An ML team has finished collecting data and is planning the work for the data preparation phase before moving into model training. While checking the mapping between each lifecycle phase and its work, which tasks are appropriate for this phase? (Choose TWO.)

1 / 1
Select all that apply
CorrectC, D

Explanation

Choosing TWO tasks from the data preparation phase.

  • 1the data preparation phaseThe stage of getting data into a usable state before training begins
  • 2which tasks are appropriateCleansing and feature engineering apply
AIncorrect

Monitoring the model in the production environment

Monitoring in production is work in the operations phase, where model performance is monitored after deployment.

It is not data preparation work, so it is incorrect.

BIncorrect

Serving inference results to users via an API

Serving inference results via an API is production operations work after the model has been deployed.

It is not data preparation work, so it is incorrect.

CCorrect

Data cleansing, such as imputing missing values and handling outliers

Correct. Data cleansing, such as imputing missing values and handling outliers, is data preparation work that gets the data ready to be used for training.

DCorrect

Feature engineering to create features that are useful for prediction

Correct. Feature engineering is work included in data preparation that creates input variables (features) useful for prediction from raw data.

EIncorrect

Tuning the model hyperparameters

Tuning hyperparameters is work performed in the model training and tuning phase.

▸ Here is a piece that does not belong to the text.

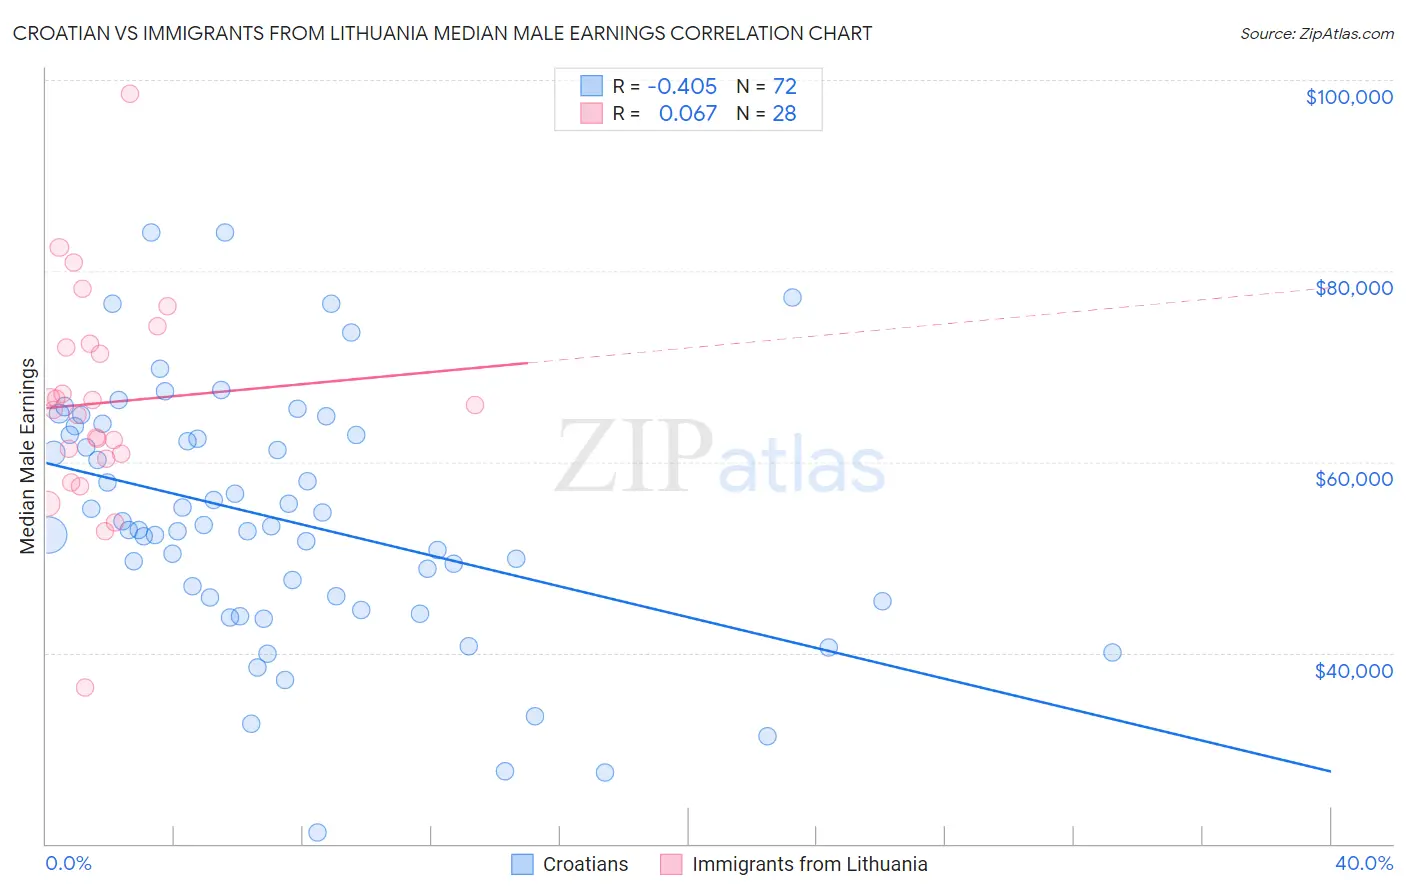 Croatian vs Immigrants from Lithuania Median Male Earnings

It is part of the ML lifecycle, but it is not work in the data preparation phase before training begins, so it is incorrect.

Key Takeaway

Remember the machine learning lifecycle phases and the work done in each.
Data collection: gather the data to be used for training.
Data preparation: get the data into shape through cleansing (imputing missing values, handling outliers, standardizing formats) and feature engineering (creating useful input variables).
Model training: train the model with an algorithm and tune the hyperparameters.
Evaluation: check model performance with metrics such as accuracy.
Deployment: deploy the model to the production environment.
Monitoring (operations): monitor the model's behavior and accuracy in production and serve inference results via an API.
In this question, 'data cleansing and feature engineering' belong to the data preparation phase. Production monitoring and inference API serving belong to the post-deployment operations phase, and hyperparameter tuning belongs to the model training phase.